I just figured out an alternative way to pipe A/V output of 32-bit AviSynth scripts into 64-bit applications that doesn’t require Pismo.

TCPDeliver (download) is a plugin that used to ship with classic AviSynth but it got moved into an external plugin when AviSynth+ was released. It allows one AviSynth process to send A/V frames to a local network port and another AviSynth process (running on same or remote computer) to read the AviSynth frames over TCP. The functions are documented here.

Let’s say that source32.avs is the script which uses 32-bit plugins. Add TCPServer() to the end of that script and load it in 32-bit VirtualDub2. (You probably don’t need to use VirtualDub specifically, I’m sure other 32-bit video apps could suffice too, but I tested it in VDub.).

While keeping VDub open, create another script, let’s call it client64.avs, and add just a single line to it:
TCPSource("127.0.0.1")

That’s it. When you load client64.avs in VEAI it will load client64.avs using 64-bit AviSynth, which will then request A/V frames from localhost over TCP, and the 32-bit AviSynth instance running inside the 32-bit VDub process will serve the requested frames from server32.avs.

1 Like

Hello everyone! Interesting solutions have been given here. I also use a Mac hence I can’t use AviSynth (and that Hybrid package is too confusing for me), but I use FFMPEG which is kind of similar (using the FF-Works GUI, saved my life).

I deinterlace with FFMPEG using the Bob Weaver method which gives me the cleanest field results, and I used to slightly denoise the footage with NeatVideo in Premiere. However, I realized that in VEIA, the footage would come up much softer than if I feed it without the Neat denoise (as VEIA has builtin denoiser anyway and this way it reads the noise/footage information better).

With the latest versions of VEIA, Artemis v9 has been my go to since it’s the faster and visually satisfying solution. With the recent 1.9 update, I was totally blown away with the new Deinterlaced models included! the DV and TV give much sharper results and convert to 60p smoothly, I guess this is what QTGMC+Avisynth users been doing all along, but being a Mac user, haven’t had this experience. Also, I realized that it gives a much more detailed quality than deinterlacing with BobWeaver, which whereas amazing, gives a blurrier result.

I did ask this recently on another topic but seems like it wasn’t the right place to do it, so I’ll ask here again: I have some SD (DVD) footage that I want to upscale, and when I feed it into VEIA, while it works great, I’m getting the “common” deinterlaced coloured lines effect in high motion areas. I’ve seen this happening before when using the FieldsKit, RedGiant etc plugins; but BobWeaver in FFMPEG does remove them perfectly, but like I said before, it gives a blurrier image in comparison with the direct VEAI new models.

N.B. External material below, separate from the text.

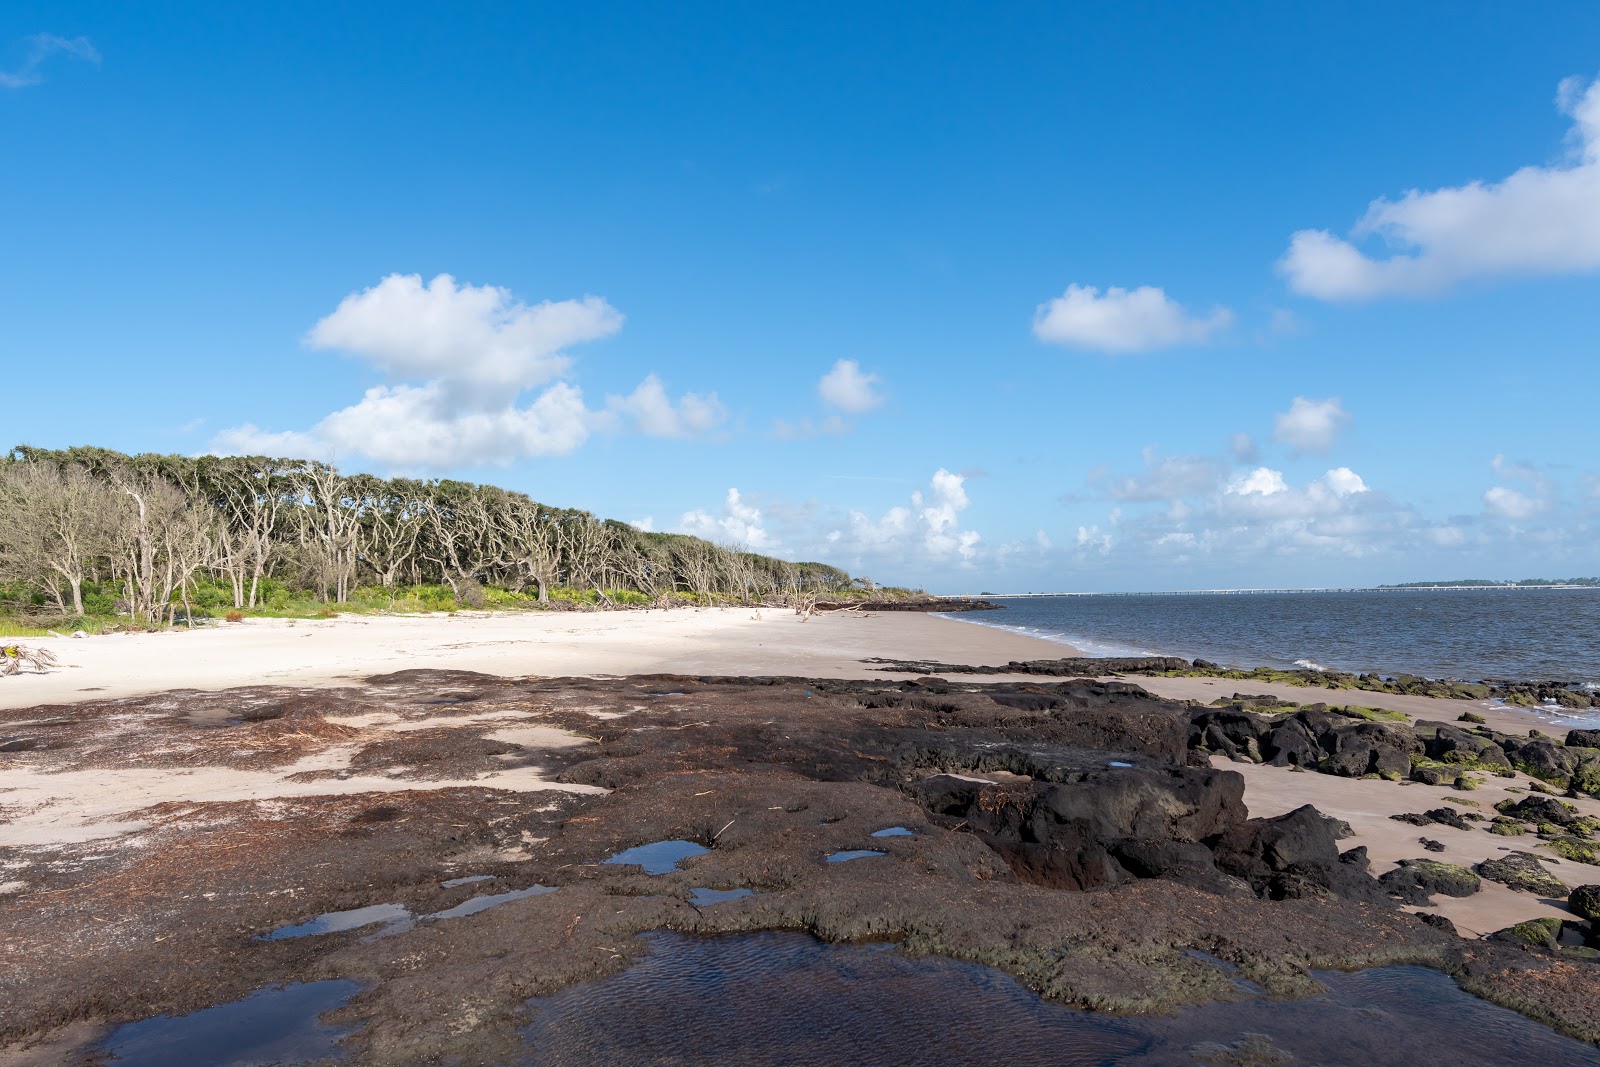 Photo de Boneyard beach - endroit populaire parmi les connaisseurs de la détente

A user told me this happens because of a YUV 4:2:0 Sub-sampling and color space mismatch and recommended to upsample to 444, however I tried that (in FFMPEG rendering to YUV 444, color space to Rec709 in a ProRes container) but no luck… I still get those annoying red/yellow/greenish lines on some motion areas of a few frames.
Anyone has any ideas of how to get rid of that while maintaining interlace footage so VEAI can do all the work, OR… a better method to deinterlace that is sharper than BobWeaver?

Thank you very much in advance!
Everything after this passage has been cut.